Полночный злодей - Барбьери Элейн. Страница 36

Пуантро хлопнул вцепившееся ему в руку какое-то кровожадное насекомое. Он вспомнил, с каким волнением ожидал ответа Лафитта и вчера наконец получил его. У него дрожали руки, когда он читал небрежно написанное письмо. Послание было предельно кратким. Лафитт готов к встрече и снабдит его средствами передвижения и людьми, знающими дорогу на Гранде-Терре. Лафитт подчеркнул, что может обеспечить конфиденциальность только на этих условиях. Пуантро не сомневался, что Лафитта забавляют все испытываемые им неудобства, но убеждал себя, что все это не имеет значения. Как только Габриэль окажется в безопасности, он рассчитается с этим мерзким человеком.

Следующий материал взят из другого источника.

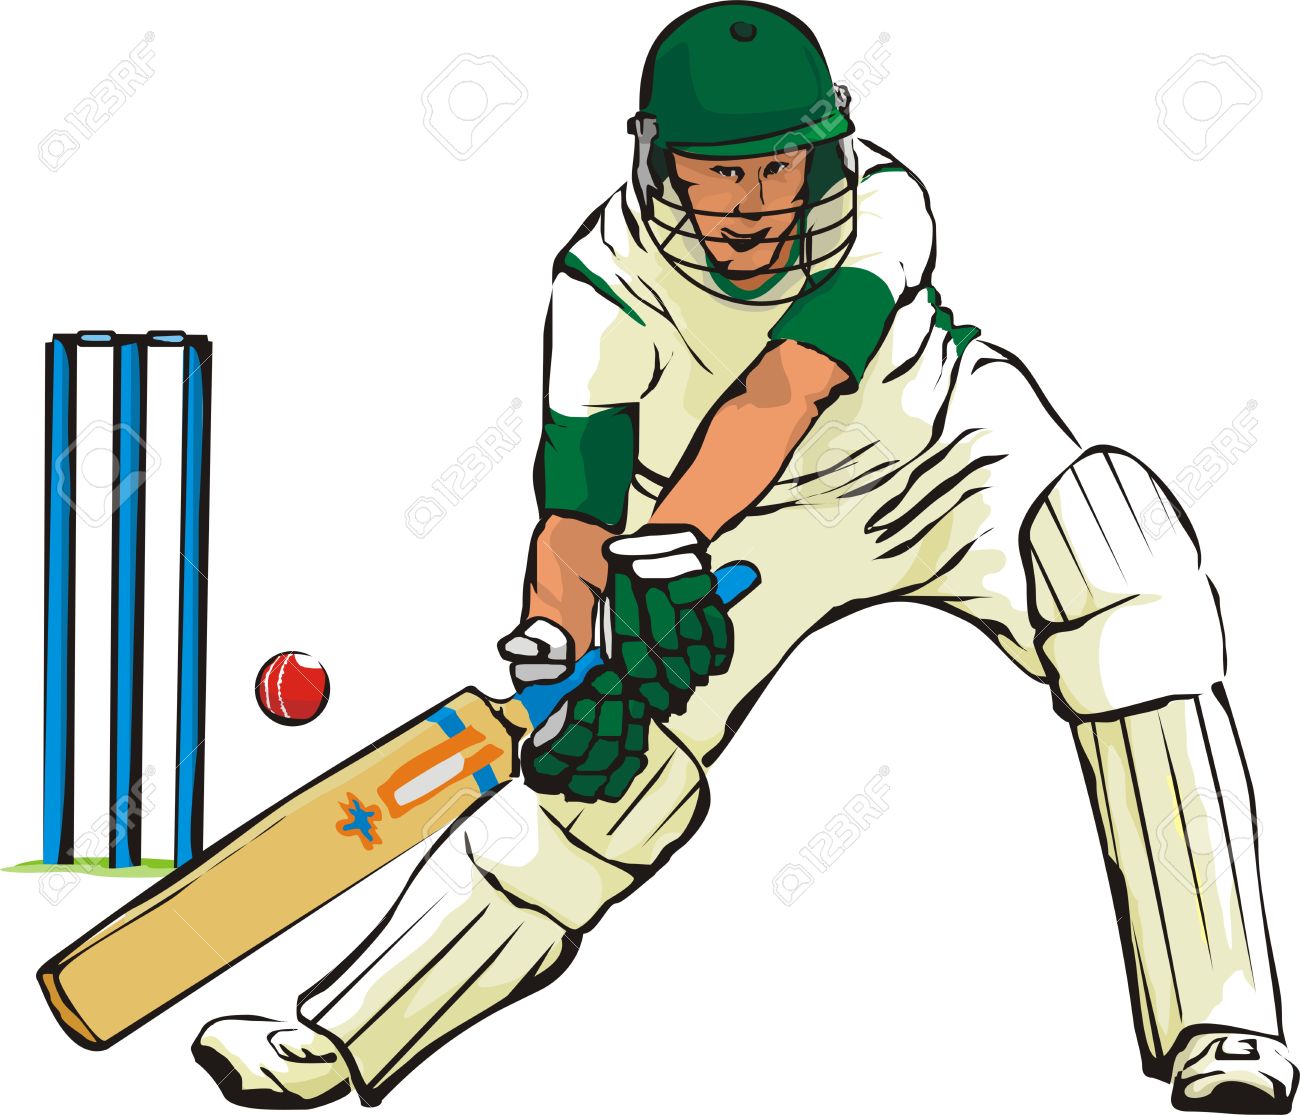 Cricket clipart free cliparta

Неожиданно перед ним как живая предстала Манон, усилив его волнение. Он не видел свою любовницу с той ночи, когда покинул ее, лежавшую среди разбросанной одежды на полу спальни. При мысли о Манон внутри у него как будто все стянулось в узел. Пуантро выругался. Он желал эту женщину постоянно, ее образ преследовал его. В конце концов, это ненормально. Длинная прошедшая ночь, когда сквозь болотную тьму долетало гулкое эхо барабанов местных колдунов, укрепила в голове Пуантро смутное подозрение. Прожив всю свою жизнь среди креольского общества Нового Орлеана, он с раннего детства слышал поверья о магическом зелье, изготовляемом туземными жрицами и превращавшем мужчин в кукол, которыми женщины манипулировали, как хотели. Он вдруг твердо уверовал, что его любовница действительно попыталась использовать черную магию для достижения над ним такой странной власти…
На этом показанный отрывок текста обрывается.